Der Pfarrer soll im Kulturressort der Wirtschaftswissenschaftlerin Birgitta Wolff (CDU) nachfolgen. Die konstituierende Sitzung des neuen Landtags und die Vereidigung der Minister sind für den 19. April geplant. Bei den Koalitionsgesprächen konnte Dorgerloh als Verhandlungsführer seiner Partei für die Themenbereiche Bildung und Kultur SPD-Forderungen wie etwa ein längeres gemeinsames Lernen in Gemeinschaftsschulen durchsetzen.

Bildung und Kultur nach dem Vorbild Luthers

Der Beauftragte der Evangelischen Kirchen bei Landtag und Landesregierung von Sachsen-Anhalt, Albrecht Steinhäuser, schätzt an Dorgerloh, dass für ihn Bildung mehr als die Vermittlung oder der Erwerb von Wissen sei. Dabei gehe es Dorgerloh um die Befähigung zur Verantwortung - für sich selbst und für die Gesellschaft insgesamt, sagt der Oberkirchenrat.
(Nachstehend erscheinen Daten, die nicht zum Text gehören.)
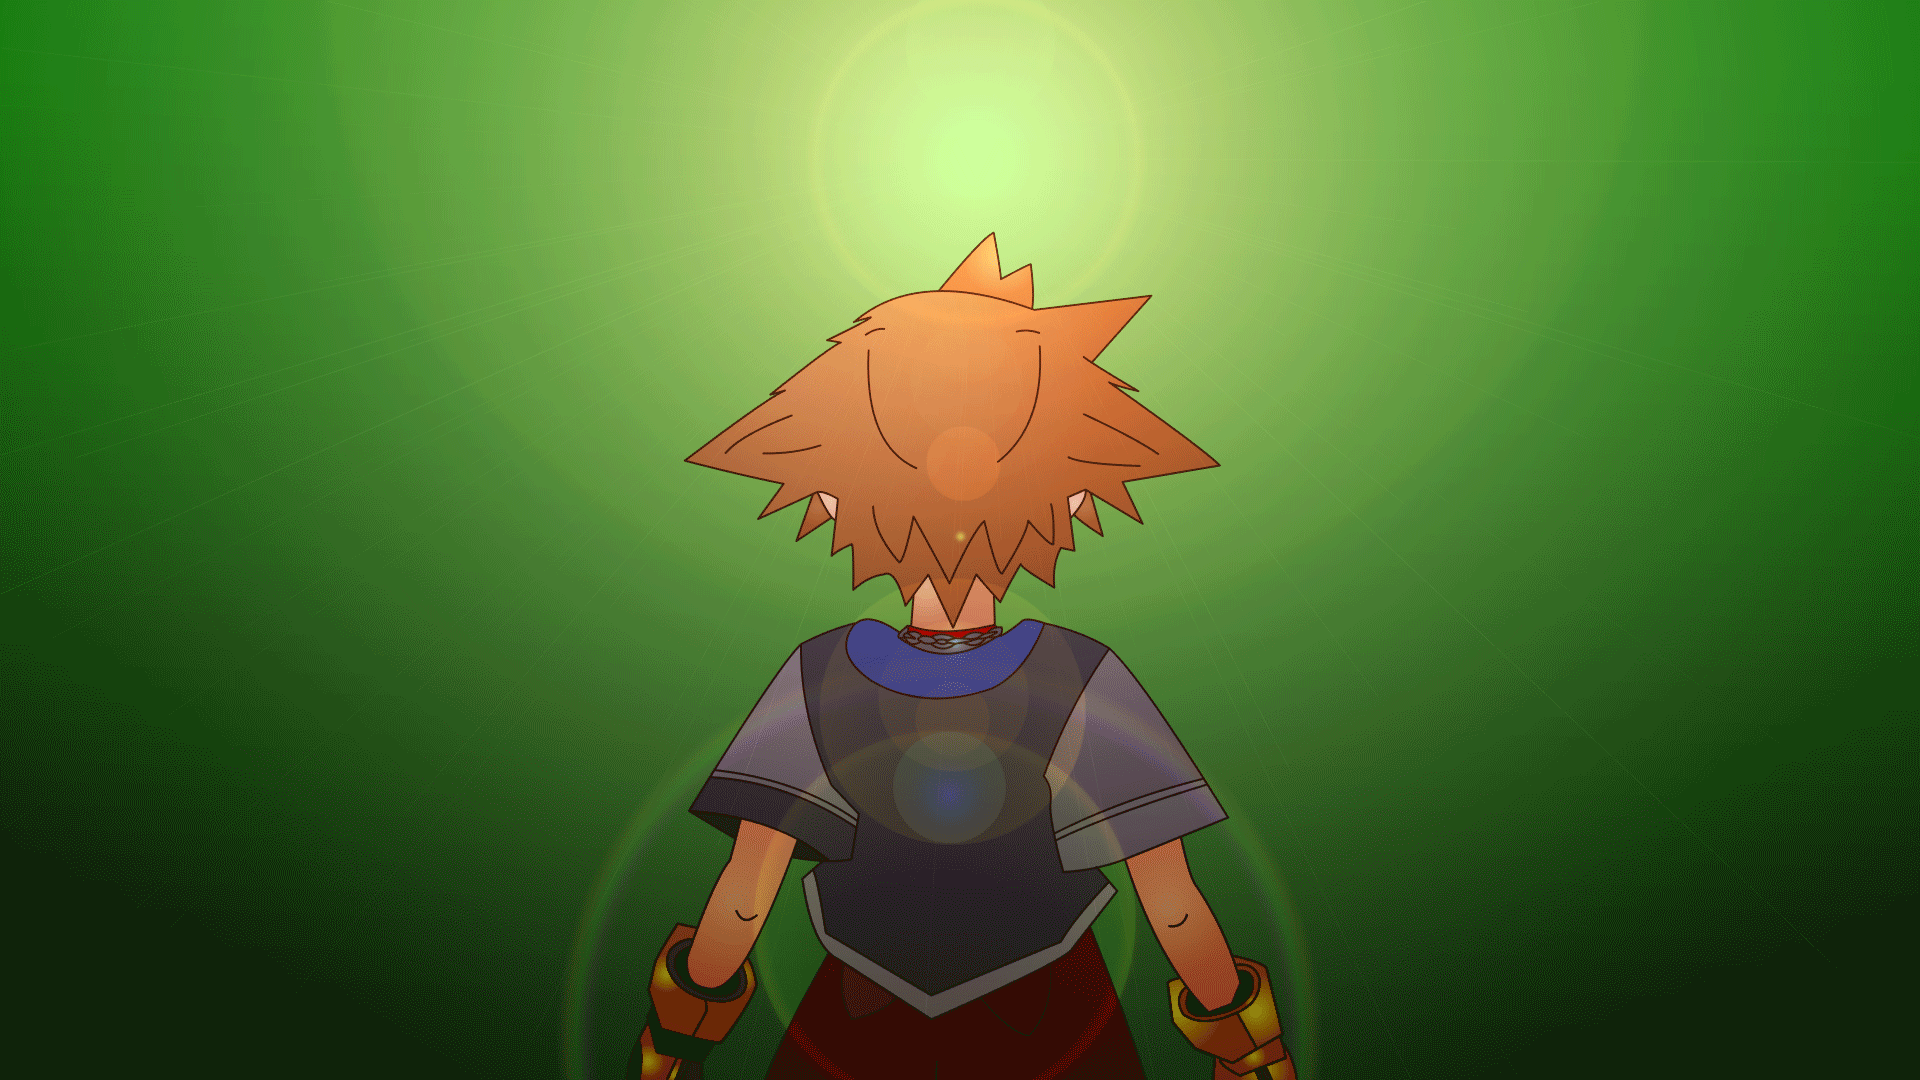 Kingdom Hearts Dropped Animation Project - Sora by UberStorm on DeviantArt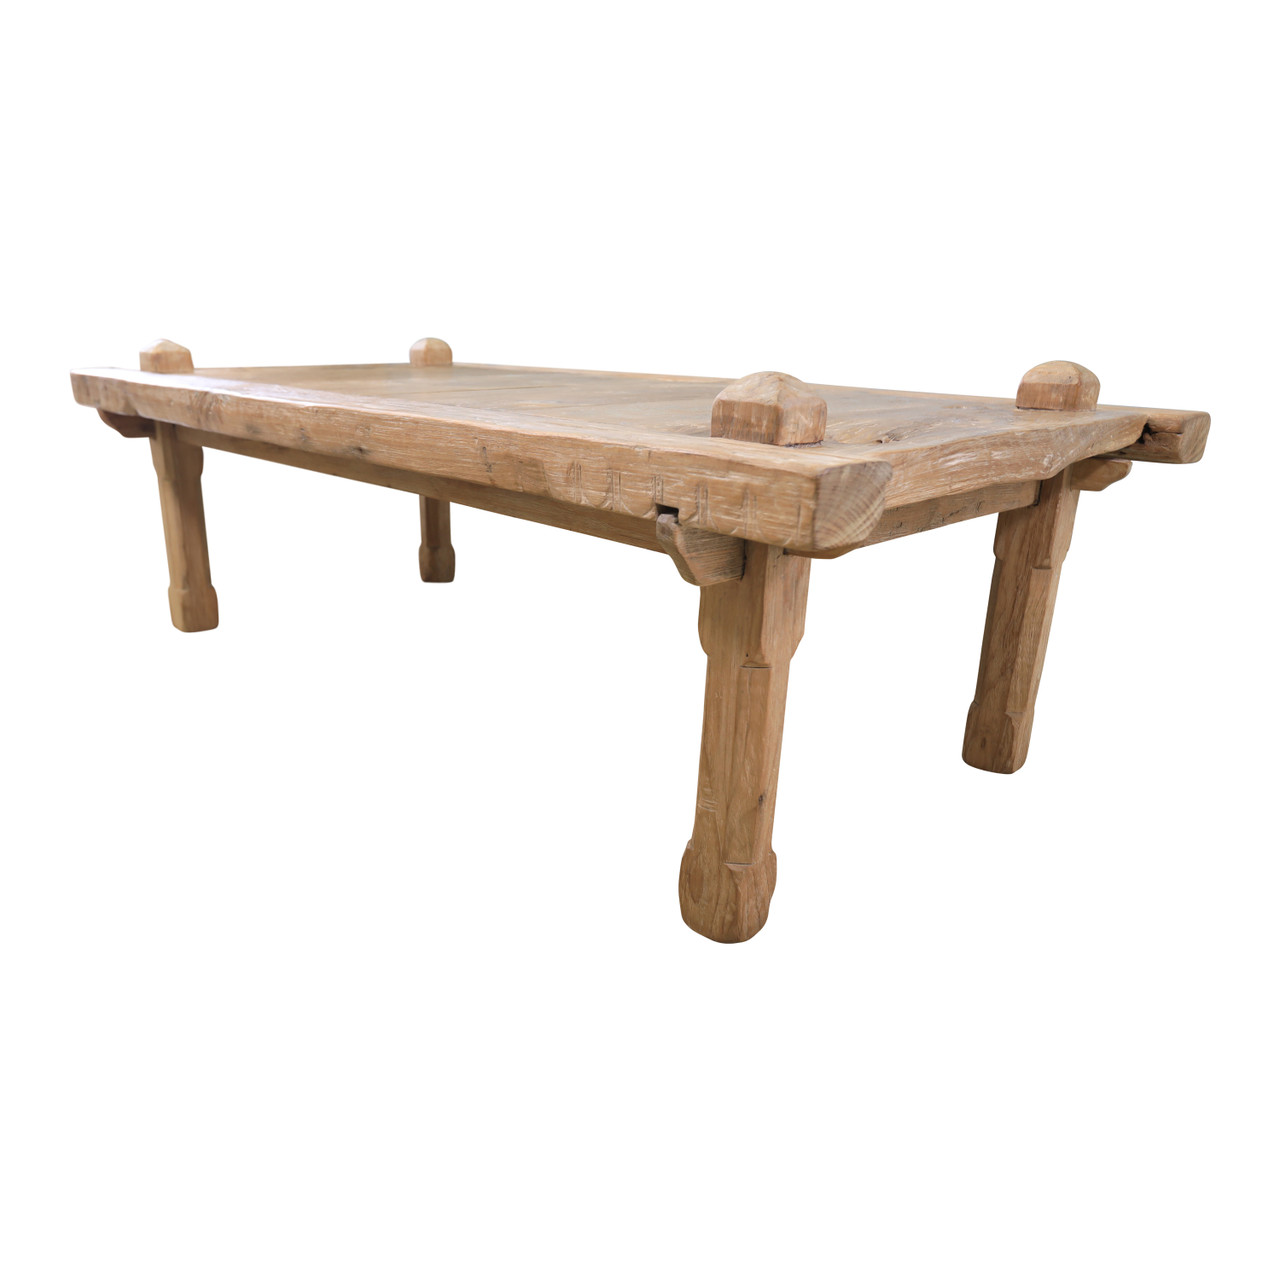 20 Inch Wide Table

Als Beauftragter der EKD für die Lutherdekade habe er bei Martin Luther angeknüpft. Vor 500 Jahren seien auch für den Reformator Bildungschancen eine Schlüsselfrage christlicher Verantwortung gewesen.

Dorgerloh hat sich auch bei internationaler Politik eingemischt. So rief er etwa 2003 vor dem Hintergrund des Irak-Krieges zusammen mit anderen Akademien einen "transatlantischen Dialog" ins Leben, der Verstimmungen zwischen US-Amerikanern und Deutschen abbauen helfen sollte. Und 2006, als die Flüchtlingsströme aus Nordafrika noch lange nicht das Ausmaß wie heute hatten, widmete sich seine Akademie dem Thema bereits mit einer Tagung. Afrika gelte als das Armenhaus der globalisierten Welt und sitze auf gepackten Koffern, warnte Dorgerloh schon damals.

Nachfolge in Wittenberg noch nicht entschieden

Der aus Berlin stammende Dorgerloh, der von 1987 bis 1993 Evangelische Theologie in Rostock und Berlin studiert hat, leitet seit 2008 in Wittenberg die Vorbereitung des 500. Reformationsjubiläums im Jahr 2017. Zuvor war er acht Jahre der Direktor der Evangelischen Akademie Sachsen-Anhalt in Wittenberg. Zum Pfarrer ordiniert wurde Dorgerloh in der Lutherstadt Ende 1999 vom damaligen Propst Heinrich Hamel. Sein Vikariat hat er von 1995 bis 1997 in Berlin sowie Chicago absolviert. Dorgerloh ist außerdem Mitinitiator der 2003 in Wittenberg gegründeten "DemokratieANstiftung".

In die SPD trat er 1998 ein. Dorgerloh erwarb sich Ansehen nicht nur als Akademie-Direktor, sondern auch als Leiter der "Arbeitsgemeinschaft für Bildung" der SPD sowie im Bildungskonvent Sachsen-Anhalt, den er zusammen mit dem früheren Landtagspräsidenten Adolf Spotka (CDU) von 2007 bis 2010 moderierte. Dorgerloh war bereits 2006 als Kultusminister im Gespräch, das Amt bekam dann aber der parteilose CDU-Kandidat Jan-Hendrik Olbertz.

In der Arbeit des Bildungskonvents sei ihm bei aller Klarheit der eigenen Überzeugung immer auch die Suche nach gangbaren Wegen wichtig gewesen, sagt Steinhäuser über Dorgerloh. Dass er nun in die Politik wechselt, sei für die EKD jedenfalls ein Verlust, erklärt deren Sprecher Reinhard Mawick. Seine Berufung ins Amt des Ministers sei zugleich aber auch ein Zeichen der Anerkennung. Über Dorgerlohs Nachfolge habe die EKD noch nicht entschieden.